**Records provided:**
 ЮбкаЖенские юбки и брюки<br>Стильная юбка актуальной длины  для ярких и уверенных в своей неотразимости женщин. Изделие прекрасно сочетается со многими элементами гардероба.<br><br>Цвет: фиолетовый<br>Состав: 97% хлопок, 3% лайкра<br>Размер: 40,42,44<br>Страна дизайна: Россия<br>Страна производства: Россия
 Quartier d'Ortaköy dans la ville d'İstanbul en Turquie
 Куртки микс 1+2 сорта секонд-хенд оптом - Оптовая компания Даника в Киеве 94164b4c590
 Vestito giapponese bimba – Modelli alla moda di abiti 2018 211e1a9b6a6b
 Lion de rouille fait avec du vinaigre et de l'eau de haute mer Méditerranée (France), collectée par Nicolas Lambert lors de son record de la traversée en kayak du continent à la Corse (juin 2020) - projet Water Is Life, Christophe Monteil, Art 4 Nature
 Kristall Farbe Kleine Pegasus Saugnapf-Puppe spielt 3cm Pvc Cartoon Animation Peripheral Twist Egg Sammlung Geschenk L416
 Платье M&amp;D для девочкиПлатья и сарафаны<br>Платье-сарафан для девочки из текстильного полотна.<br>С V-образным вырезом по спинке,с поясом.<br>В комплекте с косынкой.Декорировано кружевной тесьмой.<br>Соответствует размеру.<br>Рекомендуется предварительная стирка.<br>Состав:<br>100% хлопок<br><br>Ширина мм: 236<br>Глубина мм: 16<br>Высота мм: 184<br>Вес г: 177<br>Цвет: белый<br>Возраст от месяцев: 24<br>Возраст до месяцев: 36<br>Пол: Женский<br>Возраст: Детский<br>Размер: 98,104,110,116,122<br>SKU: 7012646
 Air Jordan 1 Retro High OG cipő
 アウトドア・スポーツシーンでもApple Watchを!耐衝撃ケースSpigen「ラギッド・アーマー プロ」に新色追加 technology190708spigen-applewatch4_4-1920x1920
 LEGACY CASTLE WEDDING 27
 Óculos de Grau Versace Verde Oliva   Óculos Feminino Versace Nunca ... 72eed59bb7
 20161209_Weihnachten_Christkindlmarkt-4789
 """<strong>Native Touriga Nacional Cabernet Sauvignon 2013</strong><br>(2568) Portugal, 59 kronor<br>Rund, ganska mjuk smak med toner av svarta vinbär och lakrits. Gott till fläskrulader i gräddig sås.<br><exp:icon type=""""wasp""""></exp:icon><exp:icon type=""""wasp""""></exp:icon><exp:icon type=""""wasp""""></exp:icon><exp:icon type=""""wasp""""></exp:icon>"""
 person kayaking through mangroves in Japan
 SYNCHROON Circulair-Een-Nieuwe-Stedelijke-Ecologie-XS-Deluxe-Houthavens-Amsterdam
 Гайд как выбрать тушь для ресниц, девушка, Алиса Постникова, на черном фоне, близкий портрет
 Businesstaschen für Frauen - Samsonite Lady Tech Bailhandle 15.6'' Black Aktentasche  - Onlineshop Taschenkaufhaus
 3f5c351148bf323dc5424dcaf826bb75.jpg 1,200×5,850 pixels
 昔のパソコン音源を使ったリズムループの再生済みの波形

**Task description:** For each line in the data that holds the word "Размер", copy the line.

**Answer to this problem:**
 ЮбкаЖенские юбки и брюки<br>Стильная юбка актуальной длины  для ярких и уверенных в своей неотразимости женщин. Изделие прекрасно сочетается со многими элементами гардероба.<br><br>Цвет: фиолетовый<br>Состав: 97% хлопок, 3% лайкра<br>Размер: 40,42,44<br>Страна дизайна: Россия<br>Страна производства: Россия
 Платье M&amp;D для девочкиПлатья и сарафаны<br>Платье-сарафан для девочки из текстильного полотна.<br>С V-образным вырезом по спинке,с поясом.<br>В комплекте с косынкой.Декорировано кружевной тесьмой.<br>Соответствует размеру.<br>Рекомендуется предварительная стирка.<br>Состав:<br>100% хлопок<br><br>Ширина мм: 236<br>Глубина мм: 16<br>Высота мм: 184<br>Вес г: 177<br>Цвет: белый<br>Возраст от месяцев: 24<br>Возраст до месяцев: 36<br>Пол: Женский<br>Возраст: Детский<br>Размер: 98,104,110,116,122<br>SKU: 7012646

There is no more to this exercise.